DisasterMasters / TweetAnalysis

Repository for storing the code used to analyse the tweets collected from the Twitter scraper
2 stars 3 forks source link

Repo for analyzing tweets from the TweetScraper repo

The DATA directory

This directory contains florida_data, which contains all raw data collected from the TweetScraper. This directory is divided into subdirectories according to whether they are from government, media, utility, or nonprofit source.

The FLORIDA directory

The top level of this directory contains all of the code that is actively being used to do machine learning and visualization. The programs must be run separately for every tweet source (gov, media, utility, or nonprofit), since we are running separate analysis on each source.

florida/doc2vecmodels

Stores the models generated from doc2vec.py

florida/results

Stores the results from the unsupervised/supervised methods, the graphs from these methods, and the indices from the tf-idf matrix from NMF

florida/tmp

Random programs that might be useful later on. Contains programs to randomize output files for manual coding and some smaller files to use to test code

florida/training_data

Contains the files used for supervised/unsupervised predicting, generated from lex_dates.py. These files are what we are predicting categories on. Additionally, contains the Crisislex original txt file.

florida/training_data/supervised_data

Contains the manually classified files sent from Xiaojing. Make sure the tweets are in the first column and the manual code is in the second column! (Might have to move columns in file around or adapt code to change depending on format of file sent). The manually coded files are separated into subdirectories depending on their source.

florida/useless

Some useless files that I just didn't have the heart to -rm... They are not being used right now but I kept them around just in case.

florida/webhome

Contains the index.html file I use on my EECS web directory.

Recommendations/Workflow

Right now I am manually running these files, but I would suggest writing a shell script to automate the command line arguments being typed.

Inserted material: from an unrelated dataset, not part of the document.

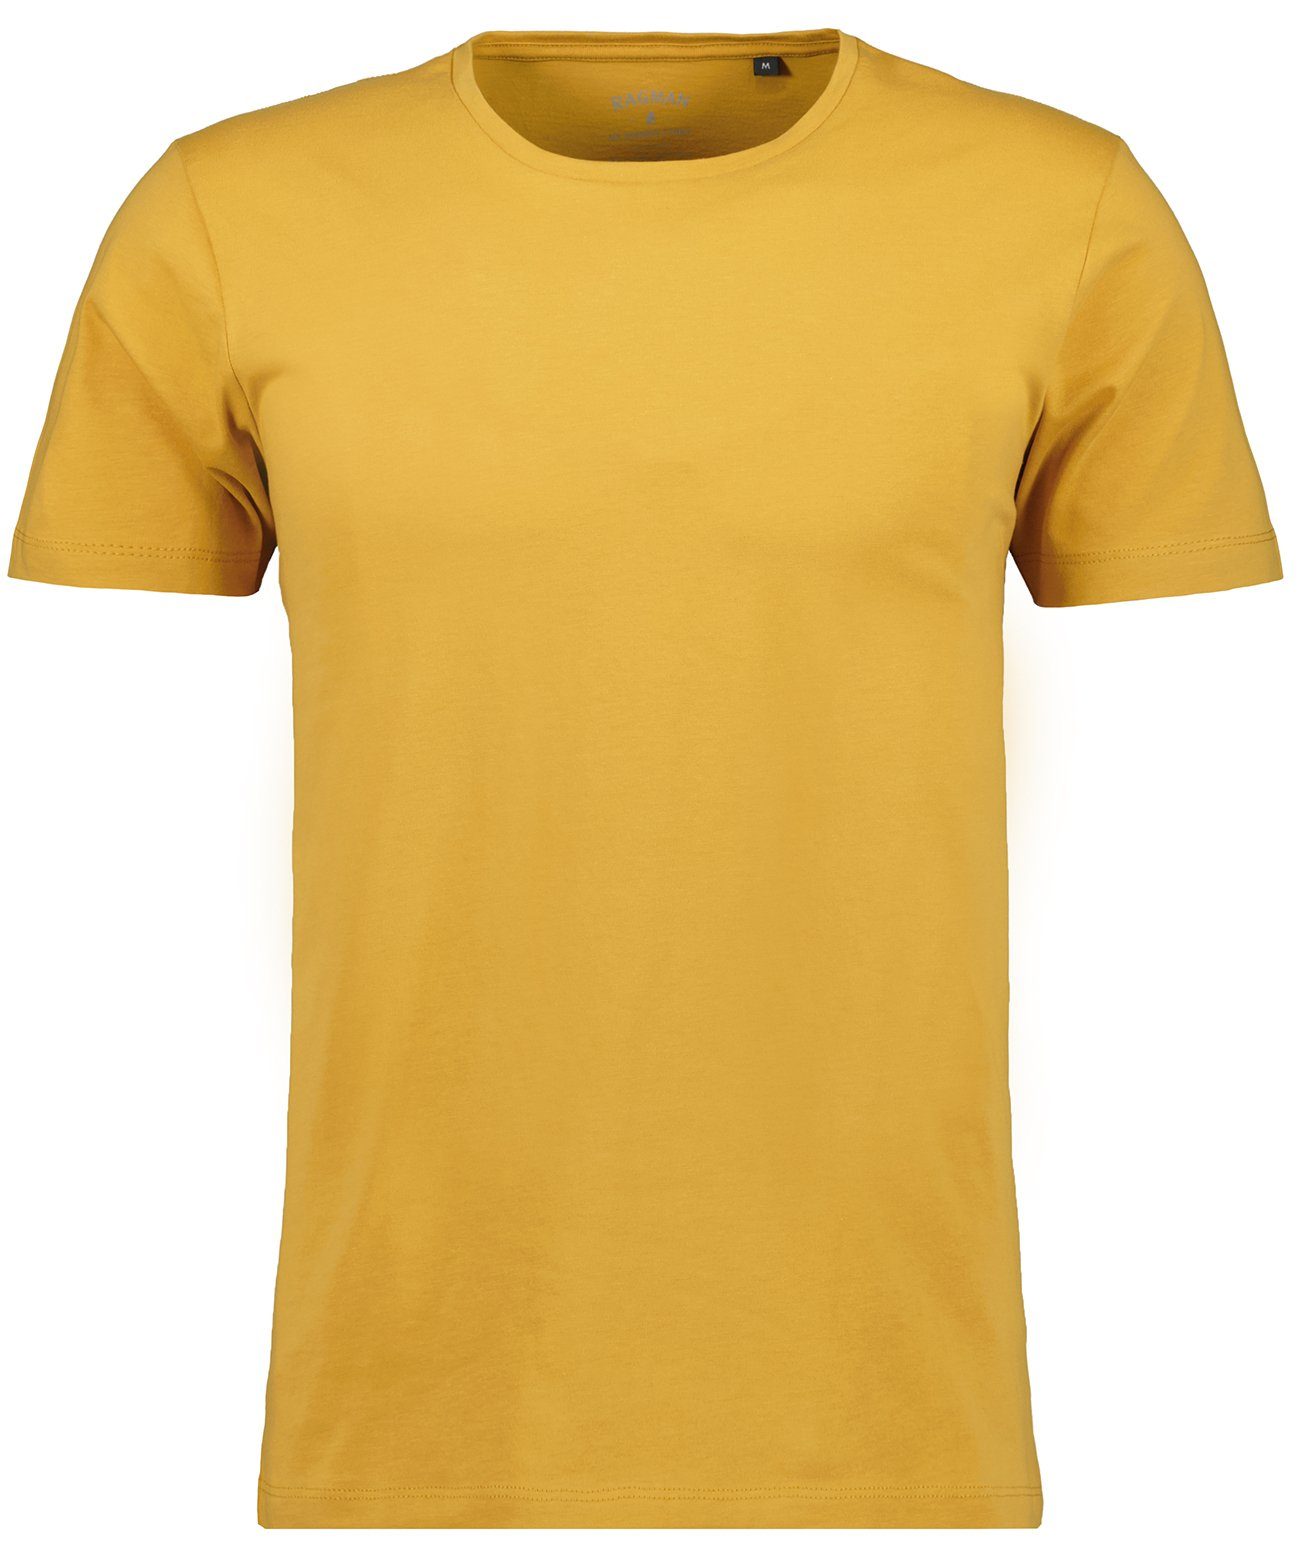 RAGMAN T-Shirt Kürbis-536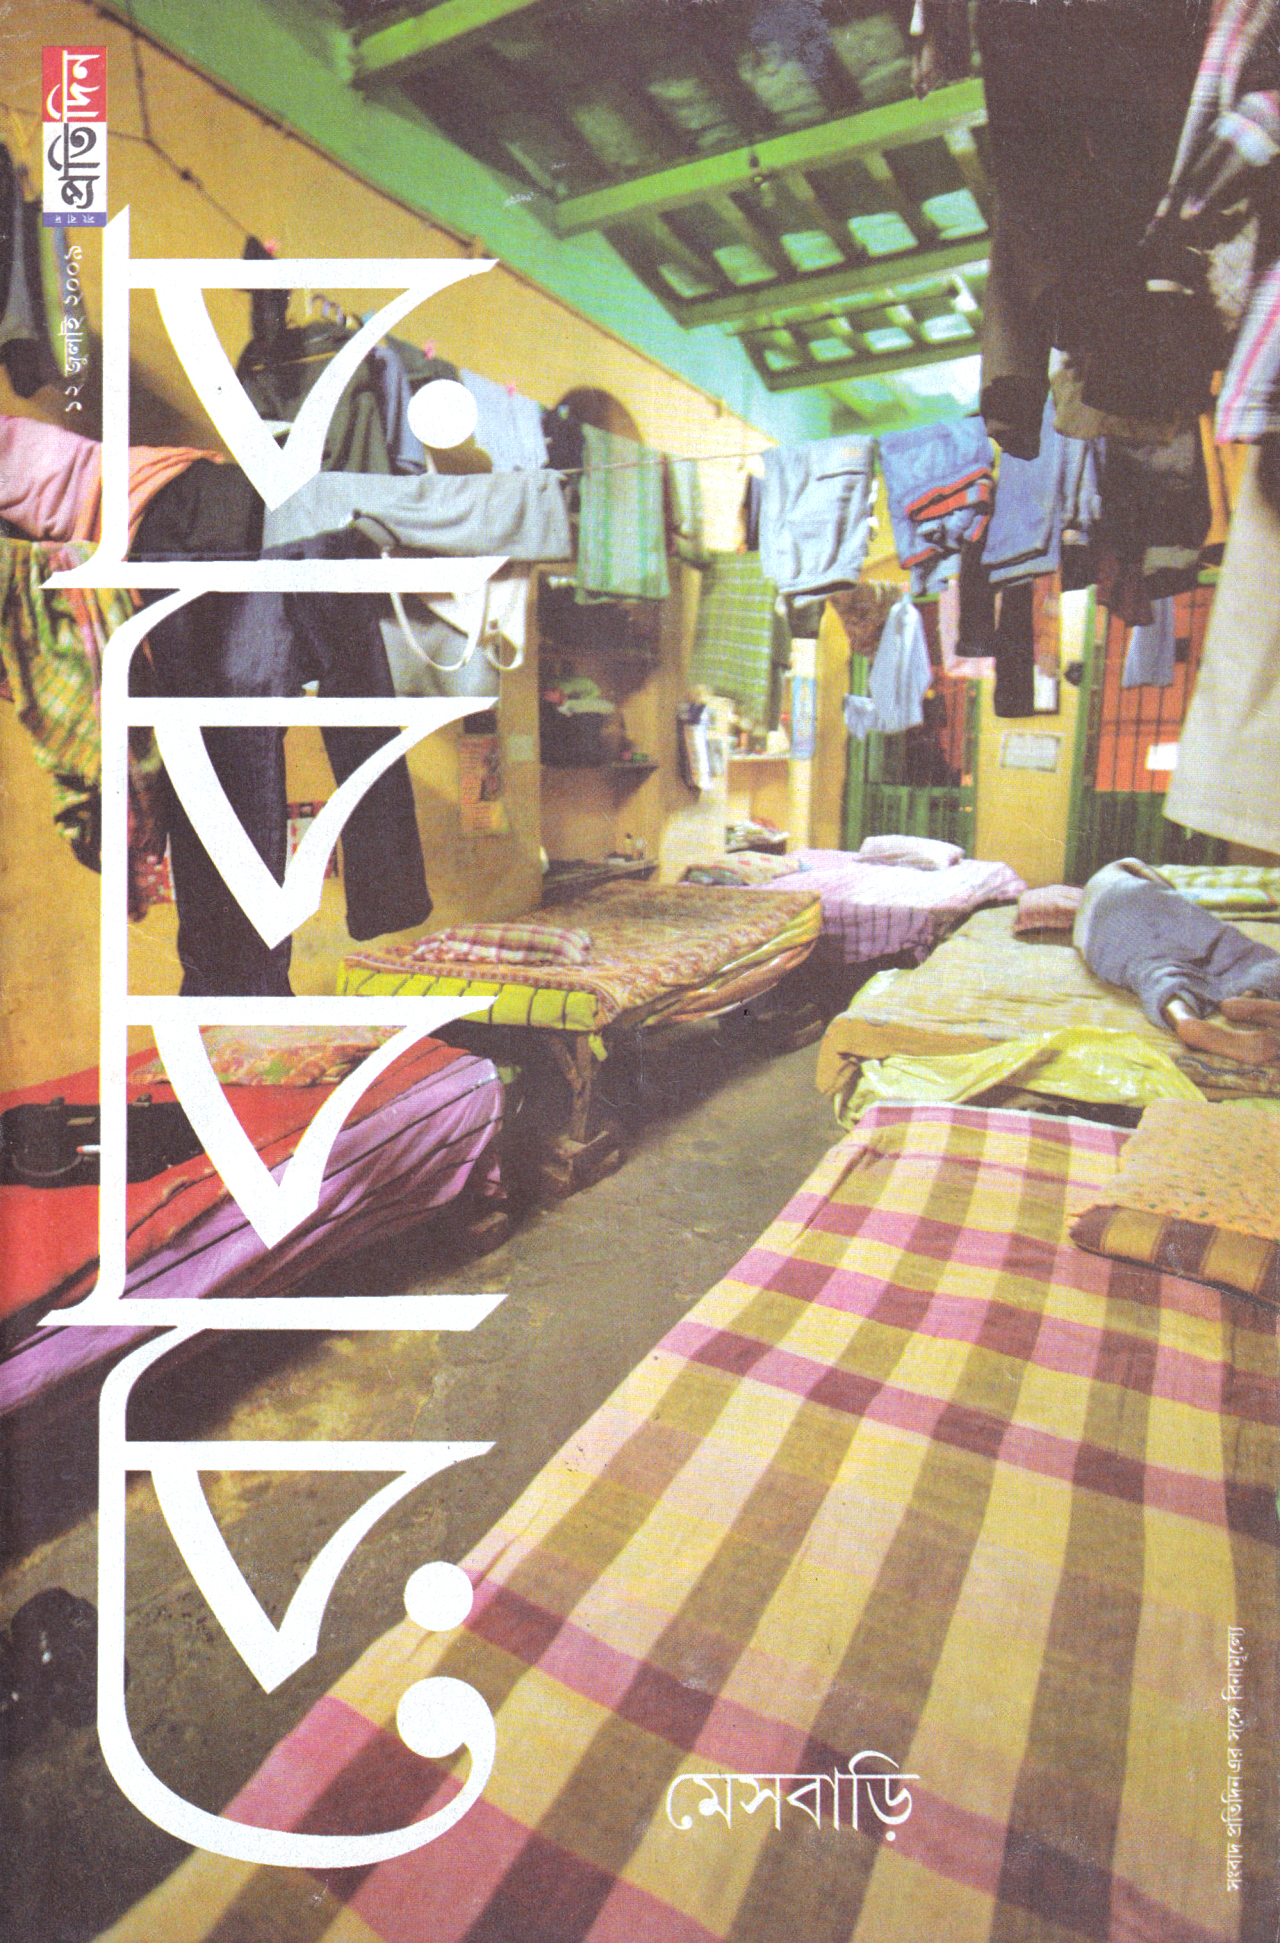 ধুলোখেলা - A Bengali Magazine Archive: Robbar Magazine - 2009, July 12

With Puerto Rico coming soon, I would recommend redoing the directory structure in a way that makes more sense and is more efficient to reach both Florida and Puerto Rico tweets.

When receiving new data, put it into the DATA directory under its appropriate source.

Then, run lex_dates.py on the source you want to analyze.

After running lex_dates.py, select which method you want (supervised/unsupervised), and run it.

If you chose the unsupervised method, you will have to run represent.py

Then, depending on if you chose unsupervised or supervised, run either sup_graphs.py or un_graphs.py and get your visualizations.